Start of Block

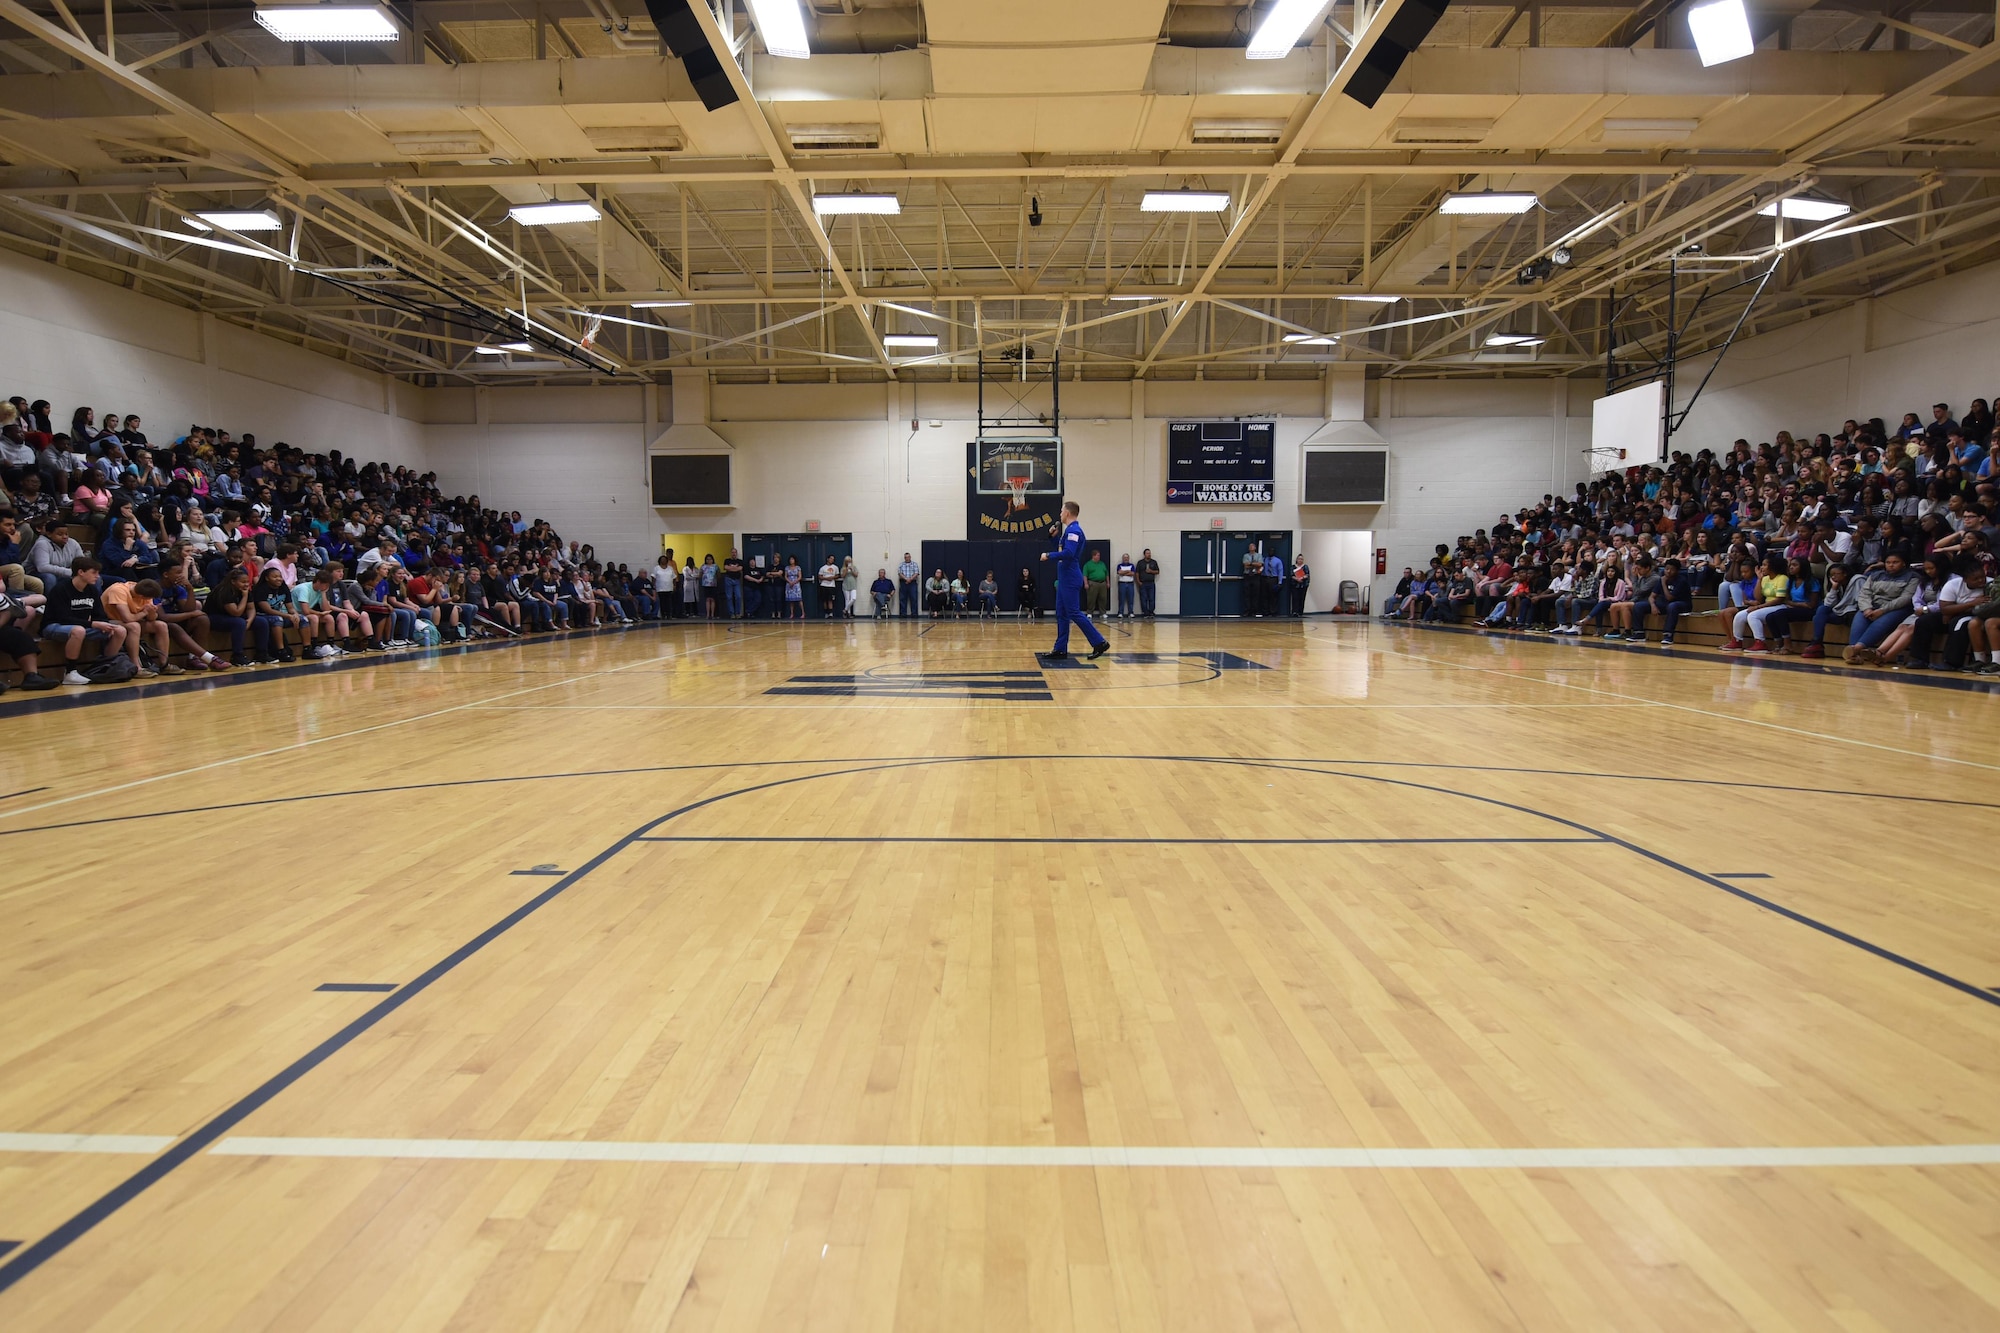 Lt. Nate Scott, U.S. Navy Blue Angels left wing pilot, speaks at an assembly, May 19, 2017, at Eastern Wayne High School in Goldsboro, North Carolina. The Blue Angels will headline the Wings Over Wayne Air Show at Seymour Johnson Air Force Base, North Carolina, May 20-21. (U.S. Air Force photo by Airman 1st Class Miranda A. Loera)
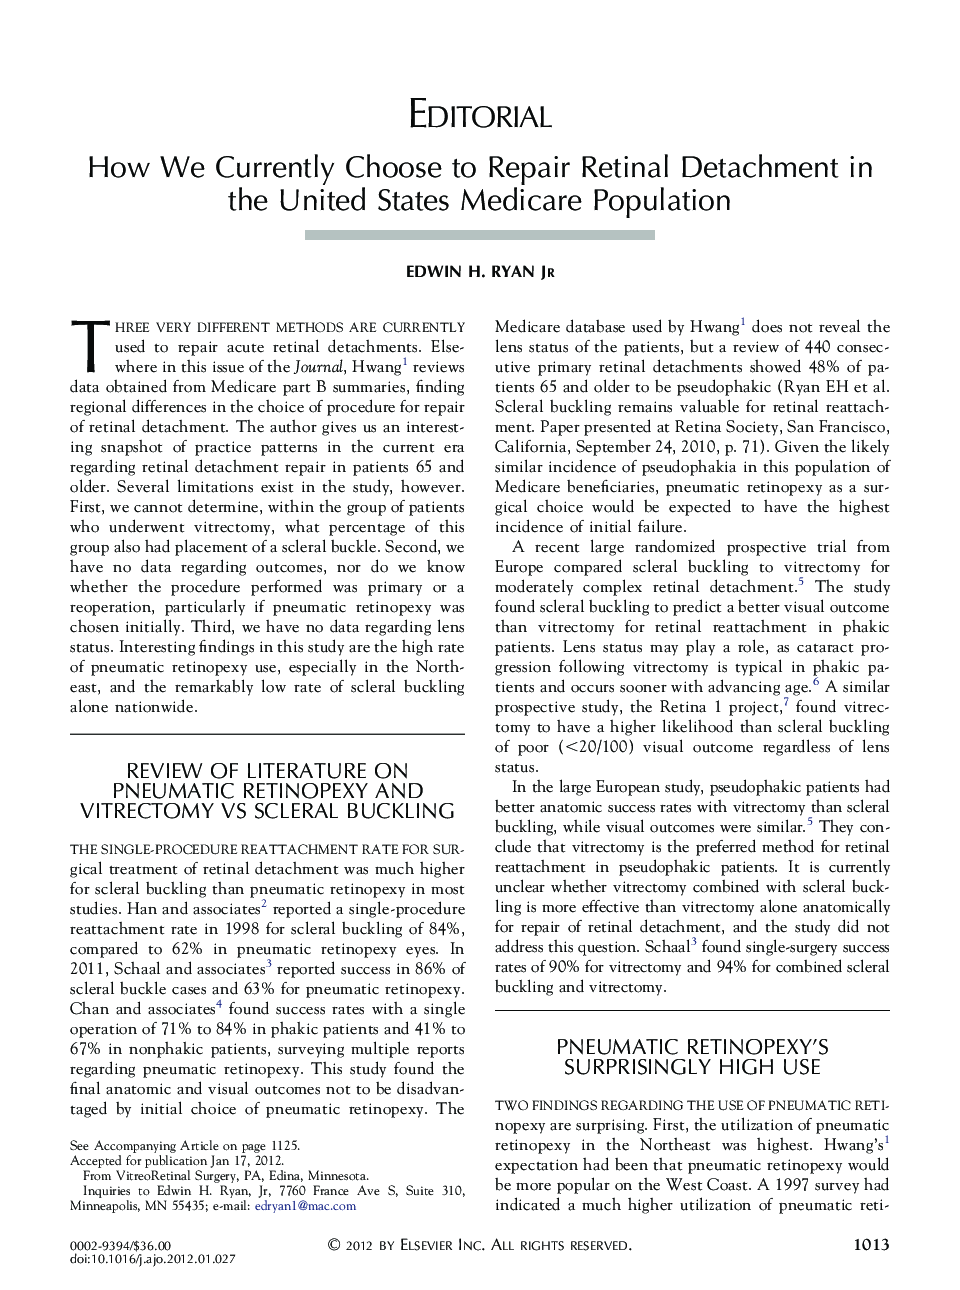 How We Currently Choose to Repair Retinal Detachment in the United States Medicare Population
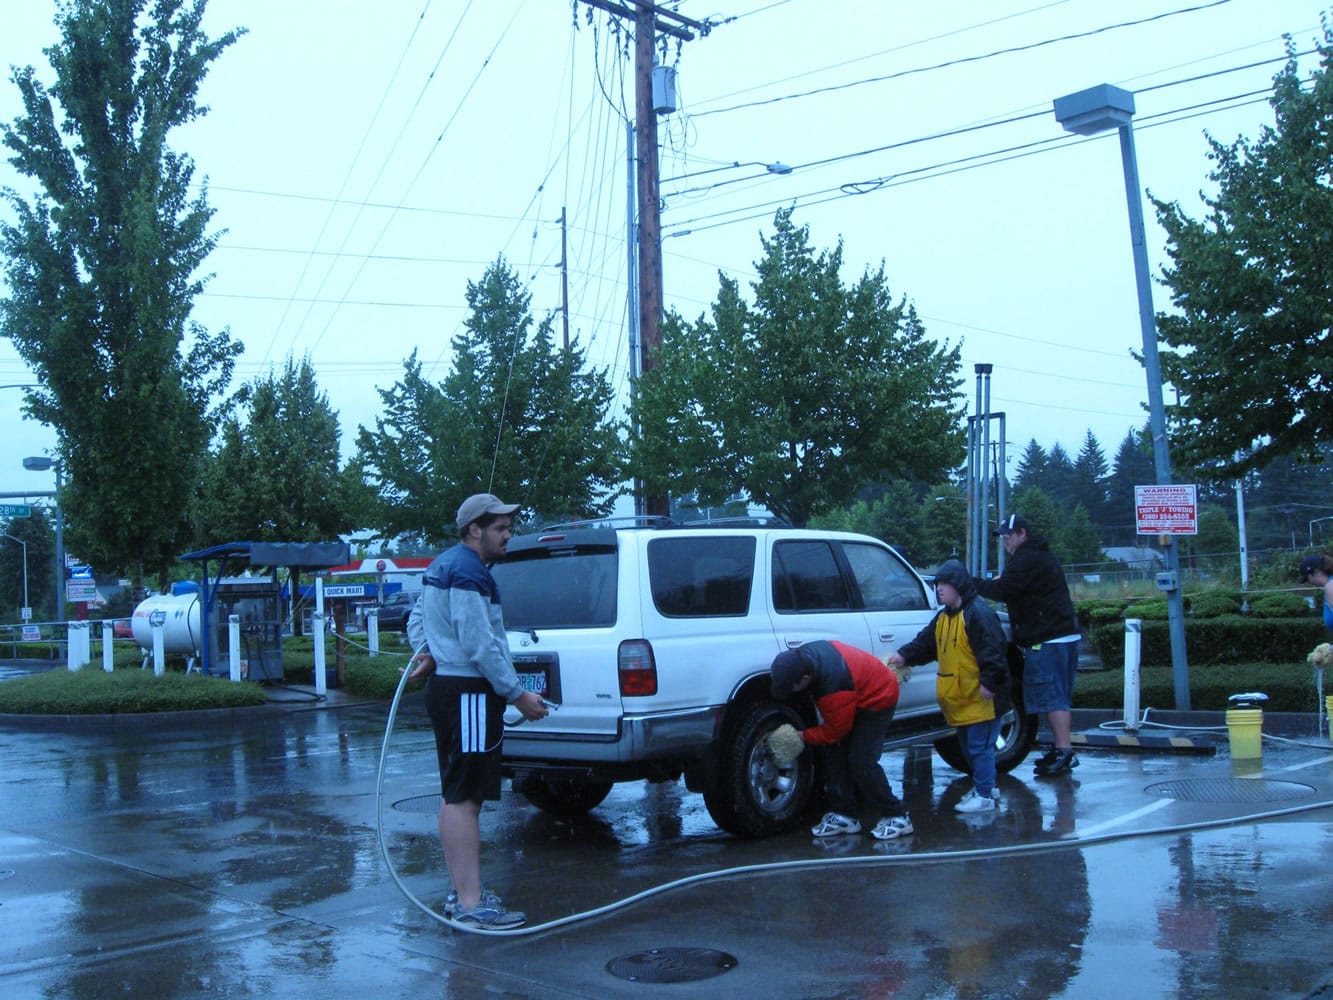 Clark County Special Olympics held a car wash to raise money to purchase jerseys for two new softball teams.

End of Block

About this exercise>
The whole listing should be retyped word for word; none of its pictures belong in the copy.

Result of this task>
 Lt. Nate Scott, U.S. Navy Blue Angels left wing pilot, speaks at an assembly, May 19, 2017, at Eastern Wayne High School in Goldsboro, North Carolina. The Blue Angels will headline the Wings Over Wayne Air Show at Seymour Johnson Air Force Base, North Carolina, May 20-21. (U.S. Air Force photo by Airman 1st Class Miranda A. Loera)
 How We Currently Choose to Repair Retinal Detachment in the United States Medicare Population
 Clark County Special Olympics held a car wash to raise money to purchase jerseys for two new softball teams.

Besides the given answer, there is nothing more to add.